After the party disbanded, the husband and pregnant wife loaded by bike onto the roof of their car and drove us to May's friend's house, Tiffany, where we would spend the night. The house wasn't too far away, but it was dark and I did not have confidence both in the security of riding on the road as well as my ability to find the house, which is a bit off the beaten path, back inside a neighborhood on some rough dirt roads.

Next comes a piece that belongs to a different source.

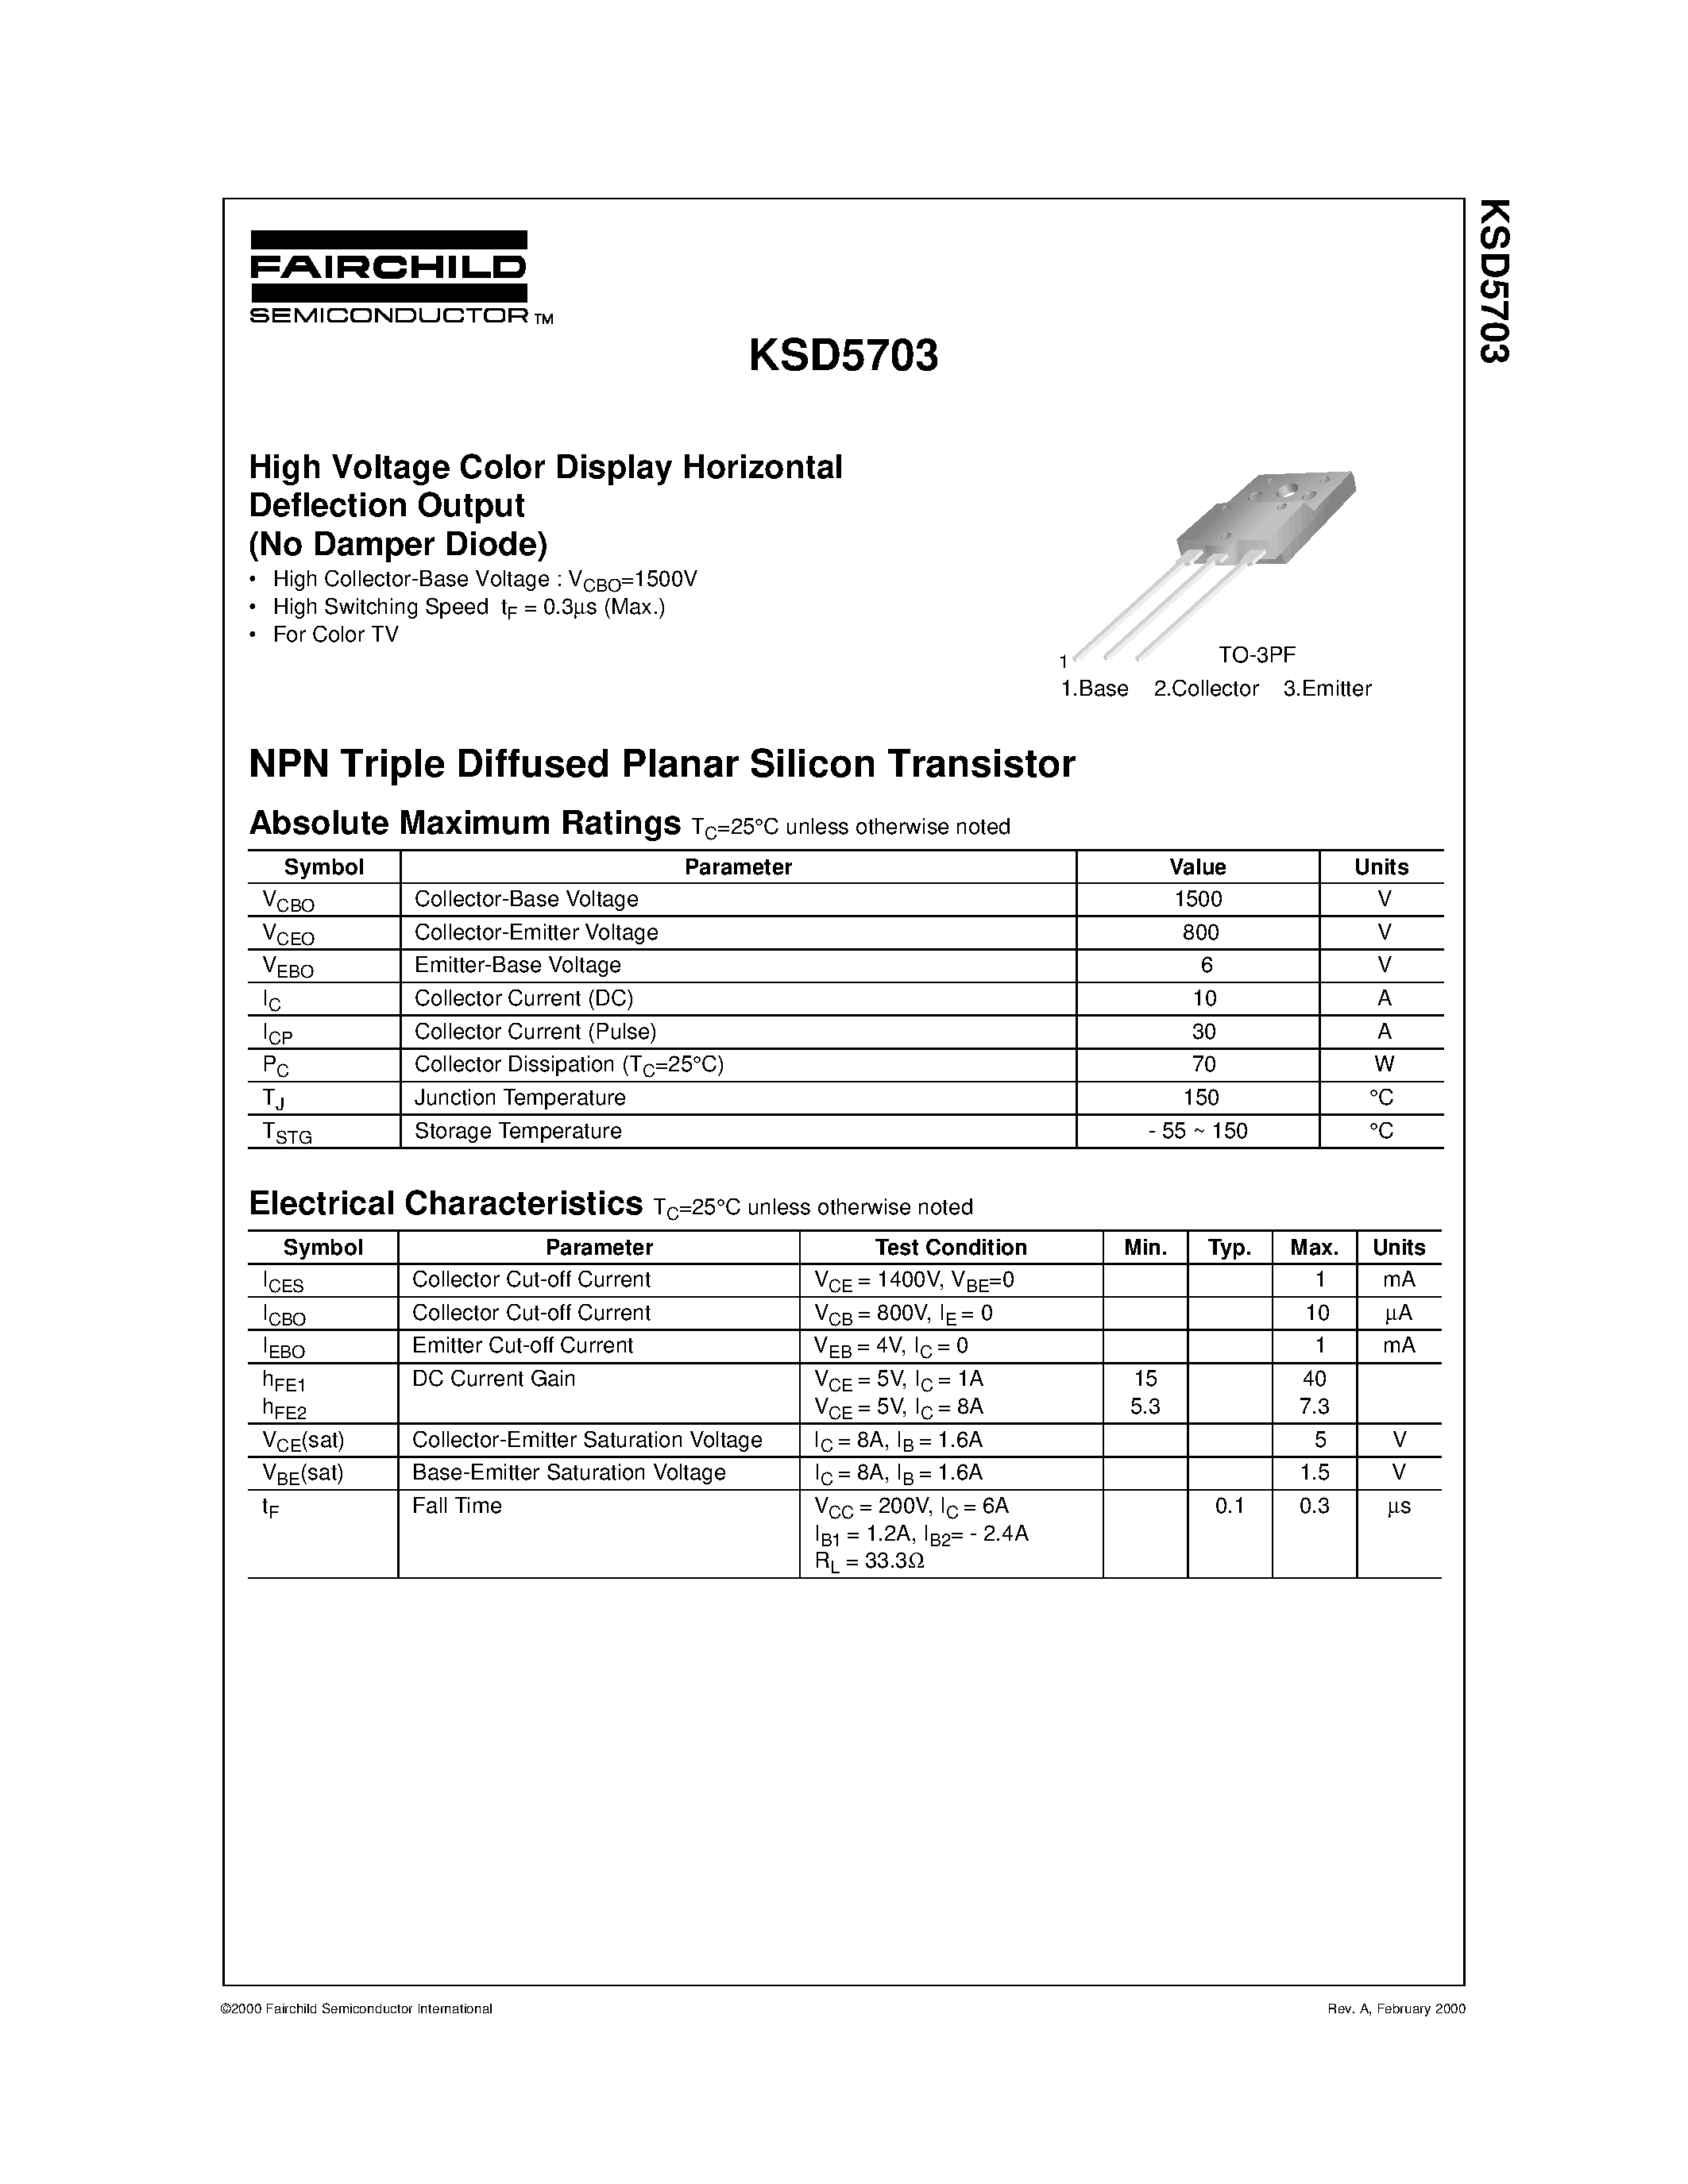 Даташит KSD5703 - High Voltage Color Display Horizontal Deflection Output (No Damper Diode) страница 1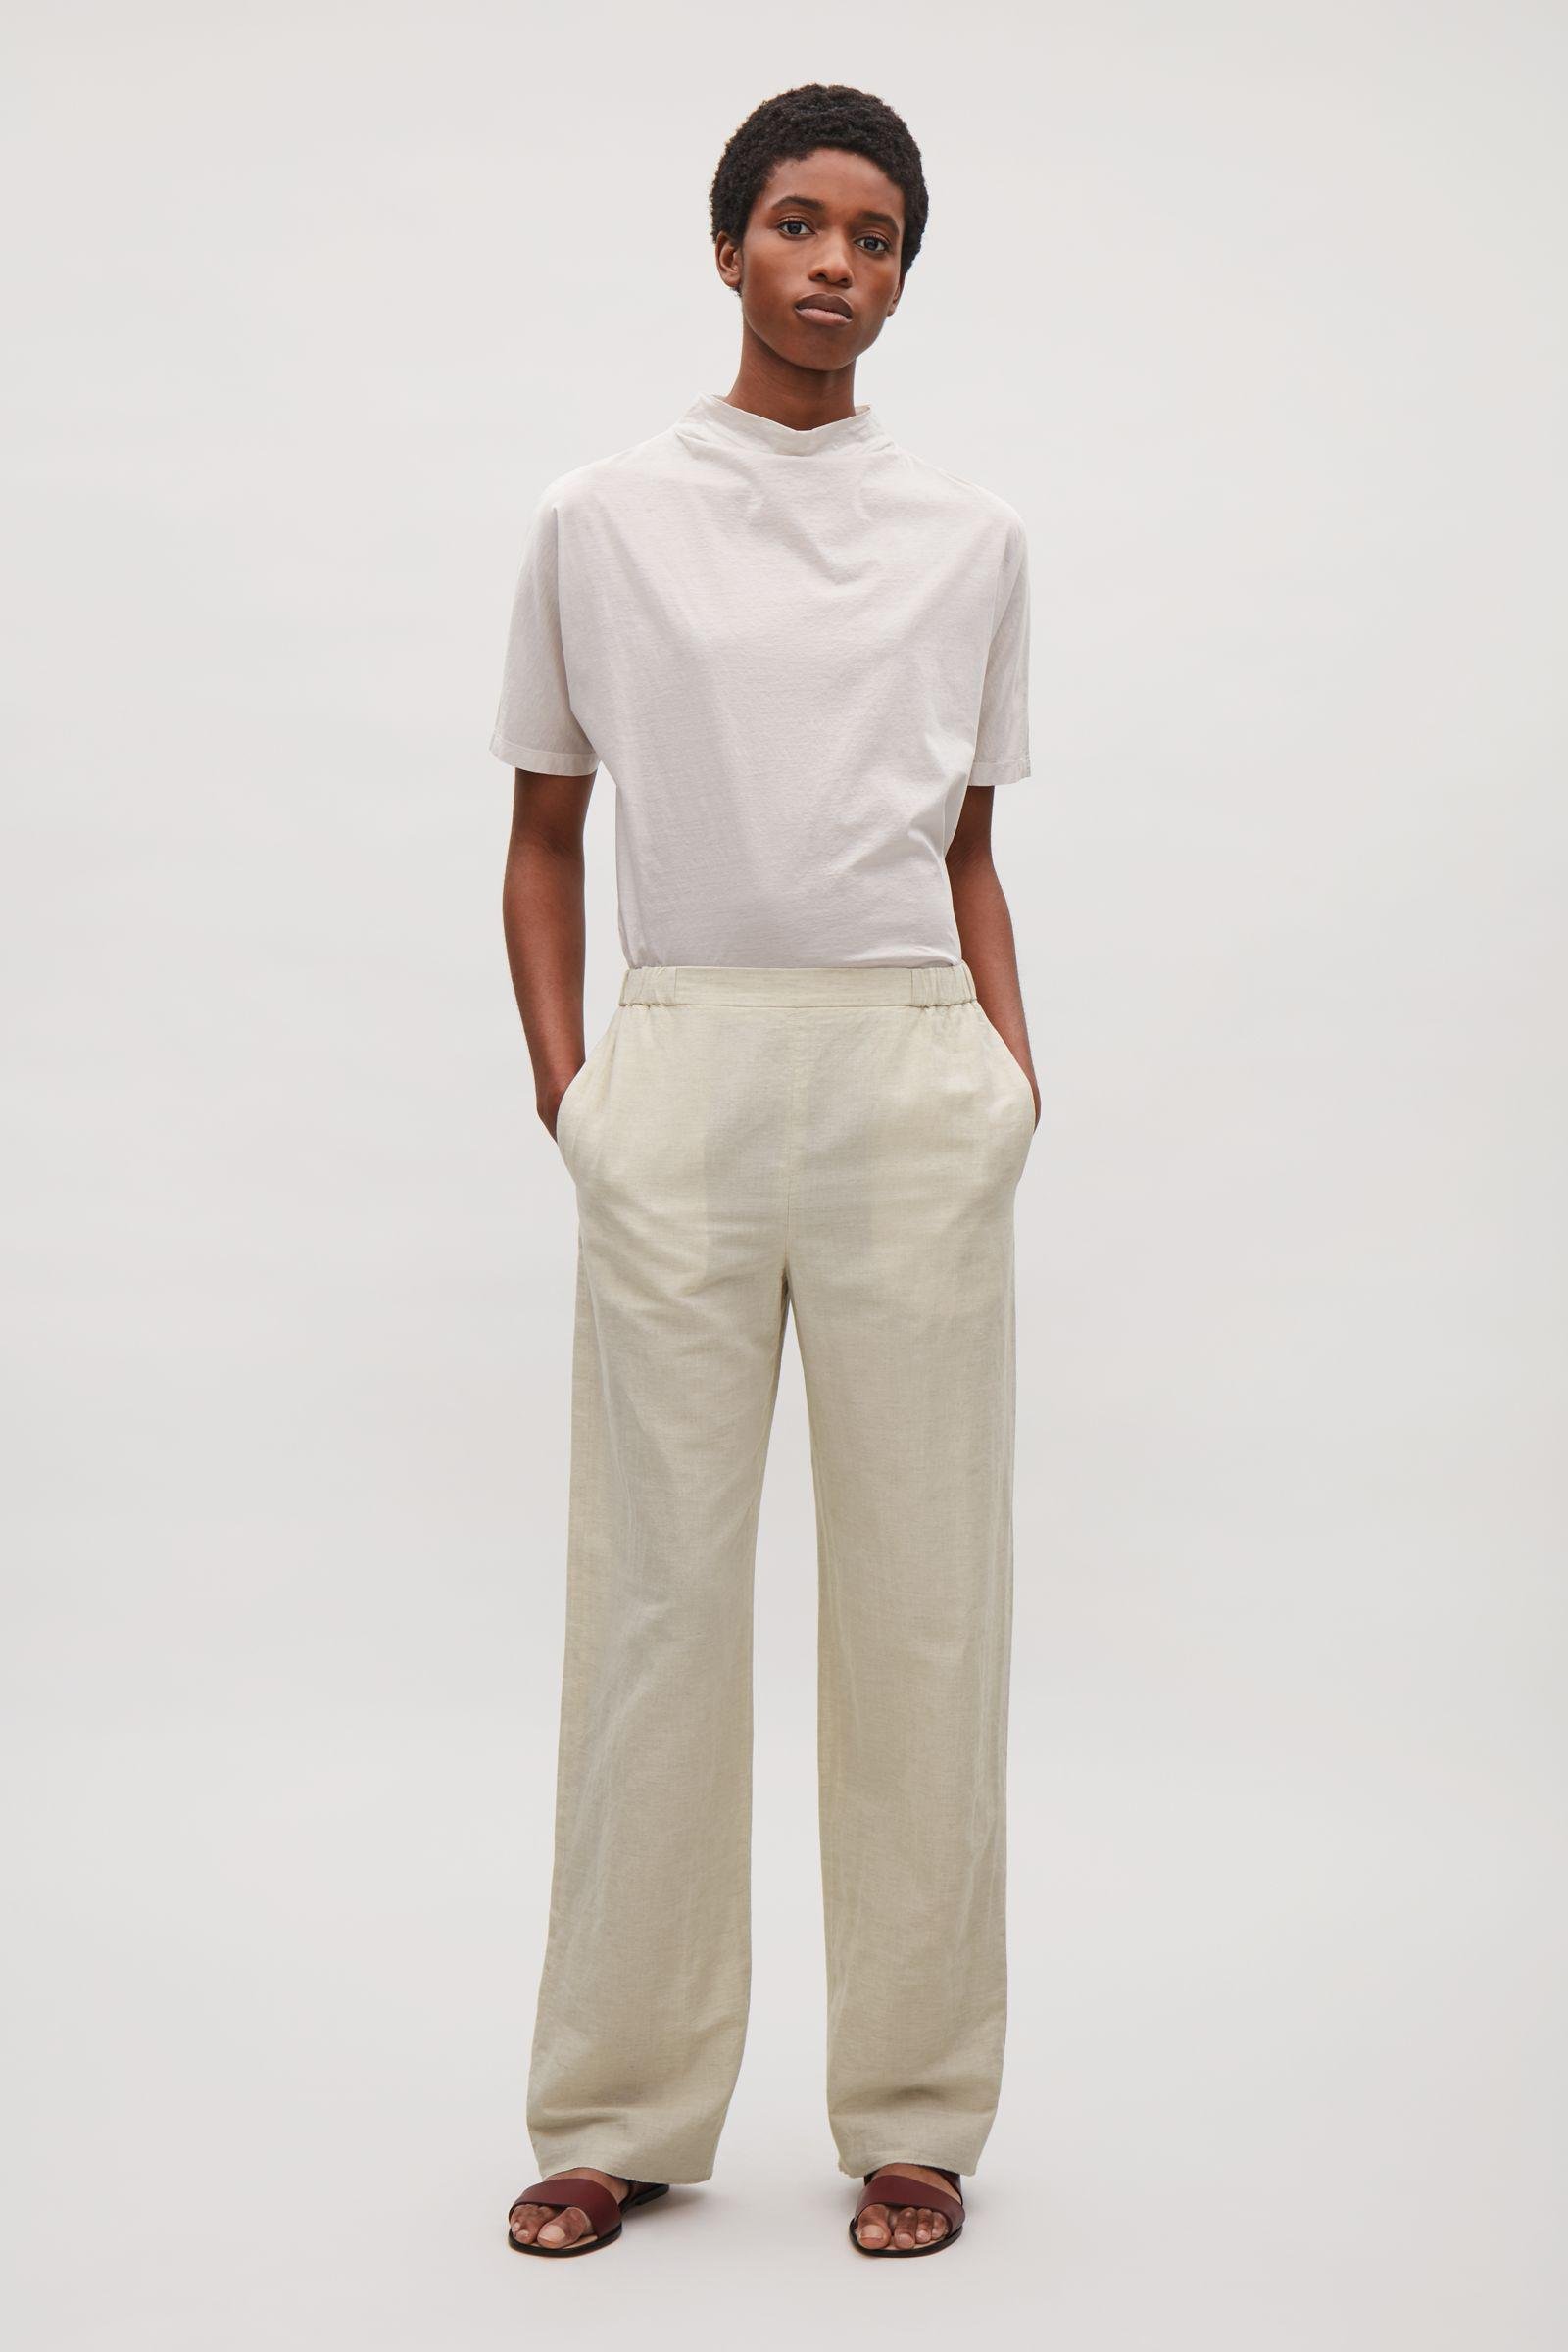 40% OFF on H&M Women Beige Wide Linen-blend Trouser on Myntra |  PaisaWapas.com

I immediately went off to take a shower. Afterwards, I sat around with May, Tiffany and their friends, Carlos and Miguel and chatted late into the evening. They played a variety of latin music on a portable speaker, occasionally getting up to dance. 
May works for her father's business fitting leather products for horses as well as fitted clothing accessories like utility belts. Tiffany has a degree as a registered nursing assistant, however she cannot find local work in her field, so she works as a hair stylist. Carlos described his job as "indentured servitude" and works for an extremely low wage and long hours at a gas station - usually from 5am-7pm with no breaks. Sunday was his only day where he did not start at 5, he started at 11. So he could hang out with us, but it seemed like this was unusual for him and he didn't seem too happy about his position as a whole. Miguel had been in a similar situation, however he informed us that he wanted to avoid these difficult jobs and a friend of his had invited him to work at a restaurant in New Jersey. So he explained to me how he was planning to make his way through Central America to Mexico on his motorcycle and find a way to cross into the US and make it to New Jersey. Everyone had some kind of personal connection who had made a similar trek, including May, whose mother made the difficult journey 8 years ago and has been living in Virginia ever since, working at a restaurant. They have not seen each other during that entire time, but she talks with her mother every day and she receives money regularly thanks to the very favorable exchange rate. These kinds of situations are very common, as US visas are difficult to acquire, but dire economic situations cause people to take drastic measures.
 
Unfortunately, there was no power in the house and after a long day of intense heat exposure, I was unable to cool down properly. Usually I am used to having a fan blow on me at night. The temperature got down to about 87 and I got a bit sick, a small bout of heat stroke. At about 4 in the morning, I recognized that I would not be able to ride out the next day, I needed more sleep and a bit of rest.